Click , and this meter will show your microphone volume level: . This demo uses the Web Audio API. Here is the essential code:

const stream = await navigator.mediaDevices.getUserMedia({ audio: true, video: false });
const audioContext = new AudioContext();
const mediaStreamAudioSourceNode = audioContext.createMediaStreamSource(stream);
const analyserNode = audioContext.createAnalyser();
mediaStreamAudioSourceNode.connect(analyserNode);

const pcmData = new Float32Array(analyserNode.fftSize);
const onFrame = () => {
    analyserNode.getFloatTimeDomainData(pcmData);
    let sumSquares = 0.0;
    for (const amplitude of pcmData) { sumSquares += amplitude*amplitude; }
    volumeMeterEl.value = Math.sqrt(sumSquares / pcmData.length);
    window.requestAnimationFrame(onFrame);
};
window.requestAnimationFrame(onFrame);

The Web Audio API is a kind of “filter graph API”. This means that in JavaScript, we create nodes in a directed graph to say how the audio data flows from sources to sinks. (There is still no equivalent API for video. To process video on the web, we have to use hacky invisible <canvas> elements.)
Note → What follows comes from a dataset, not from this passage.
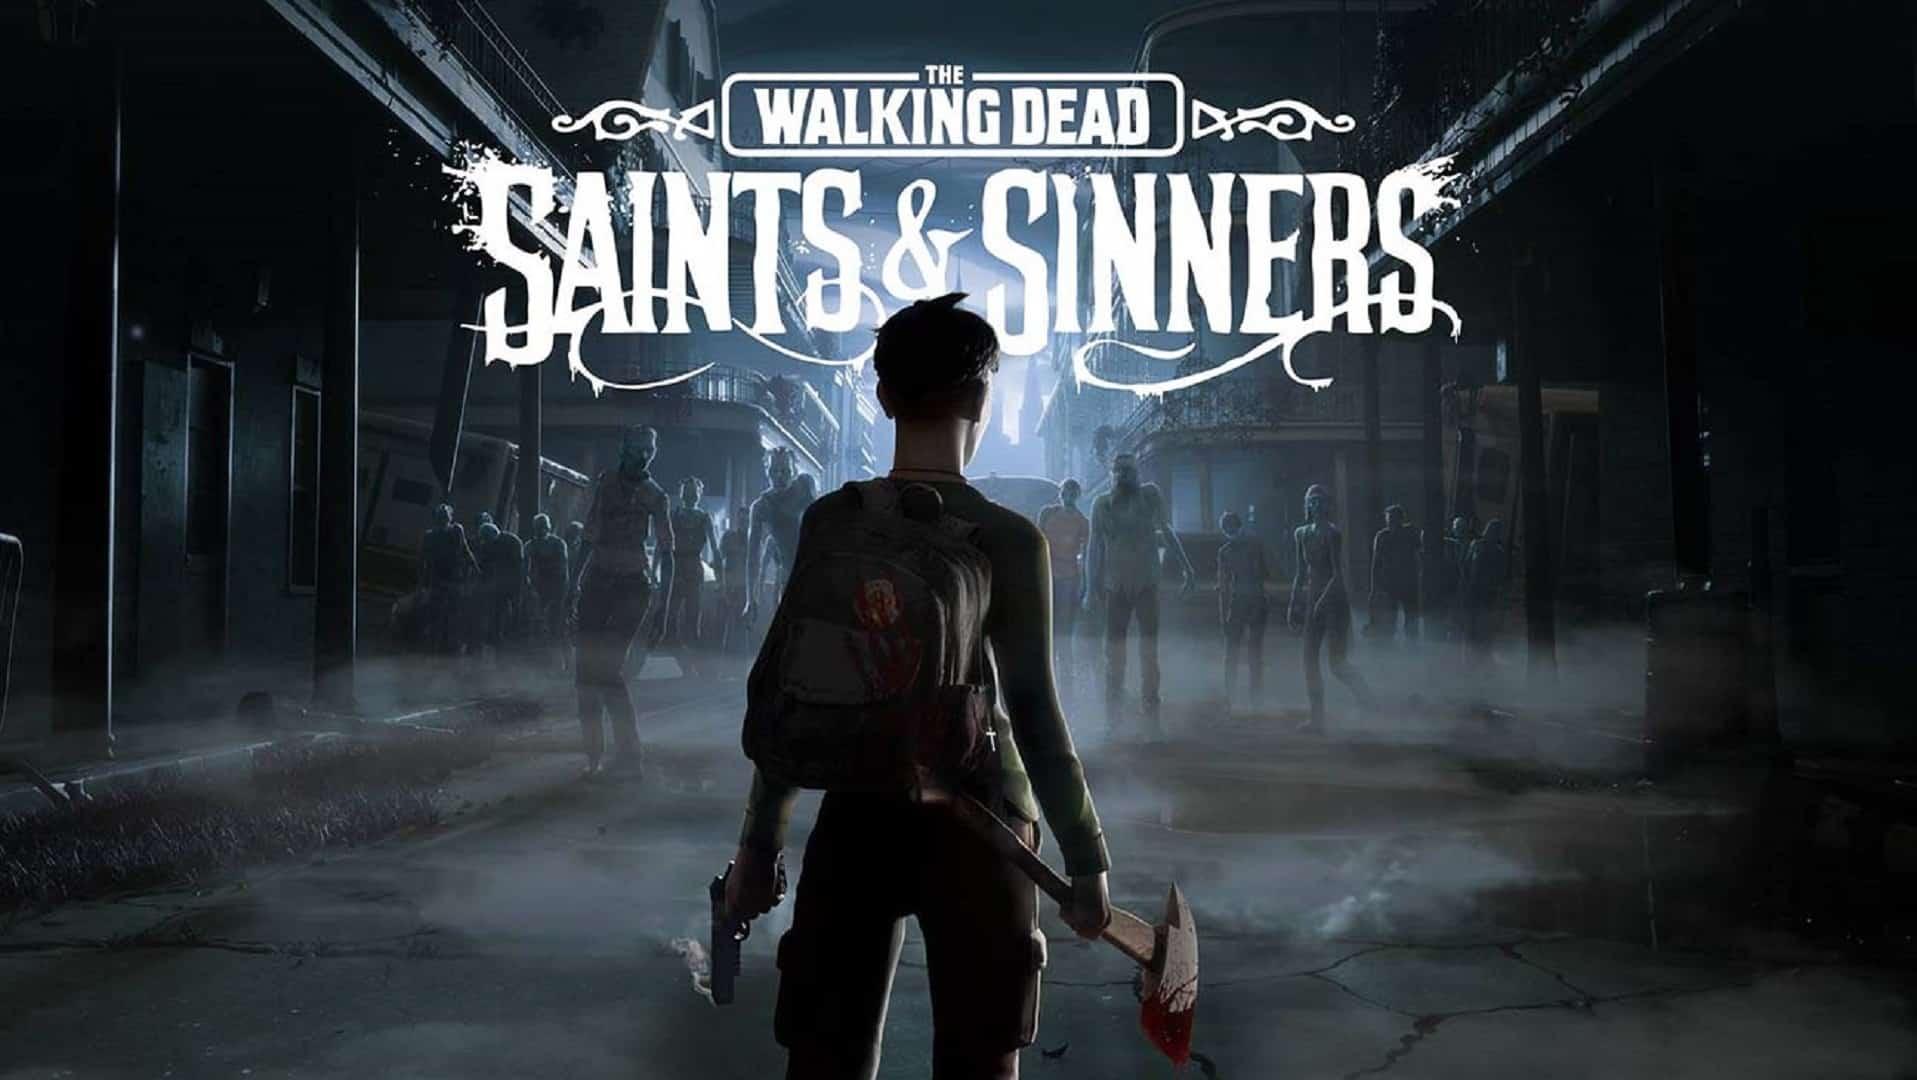 The Walking Dead Saints & Sinners Skybound Interactive

Our new AudioContext() is the graph. We create new nodes in the graph by calling methods on it like n1 = audioContext.createXYZ(...). A node can have multiple inputs and outputs. for example, a ChannelMergerNode merges multiple audio sources into one; therefore it has has multiple inputs and one output. A node’s inputs and outputs are numerically 0-indexed; for example, a audioContext.createChannelMerger(5) has five inputs with indexes 0 through 4, and one output with index 0. We link a node n1’s output i to a node n2’s input j by calling n1.connect(n2, i , j).
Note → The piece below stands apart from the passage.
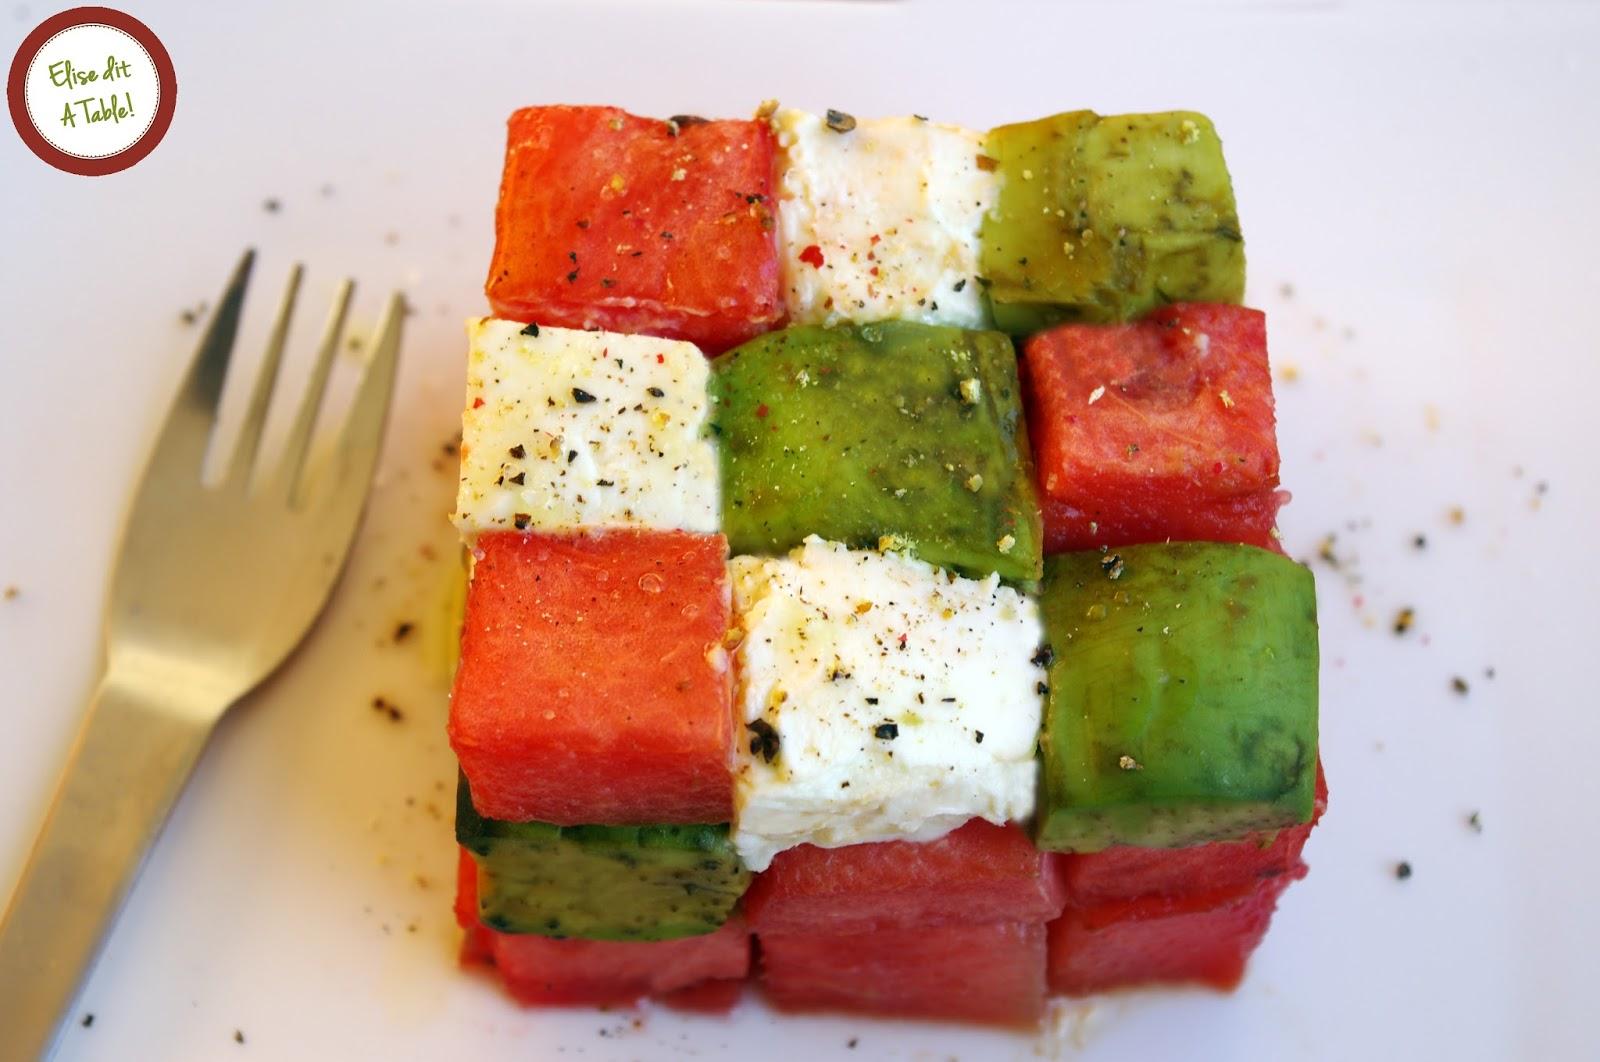 recette salade rubik's cube

Our particular audio graph will look like this:

+--------------------------------------------------------+
|                       AudioContext                     |
|                                                        |
|  +----------------------------+                        |
|  | MediaStreamAudioSourceNode |                        |
|  +------------0---------------+                        |
|               |                                        |
|               v                                        |
|        +------0-------+      +-----------0----------+  |
|        | AnalyzerNode |      | AudioDestinationNode |  |
|        +--------------+      +----------------------+  |
+--------------------------------------------------------+

Note an AudioContext always has a node at audioContext.destination. It’s an AudioDestinationNode which plays to the default system speakers. To play audio, we would connect a node to the input of this destination. However, our task here is not to play audio, only to analyze it. Therefore, we will not link anything to audioContext.destination.

An AnalyzerNode lets you ask for a snapshot of the audio data. We do that repeatedly with requestAnimationFrame, then analyze it and display it in our volume meter. You can ask for frequency-domain data or time-domain data. We define “volume” as the root mean square of the amplitude, just using the time-domain data. (We could define volume in other ways. If we wanted to determine whether someone is speaking, it may make more sense to analyze frequency-domain data, and restrict to human voice frequencies.)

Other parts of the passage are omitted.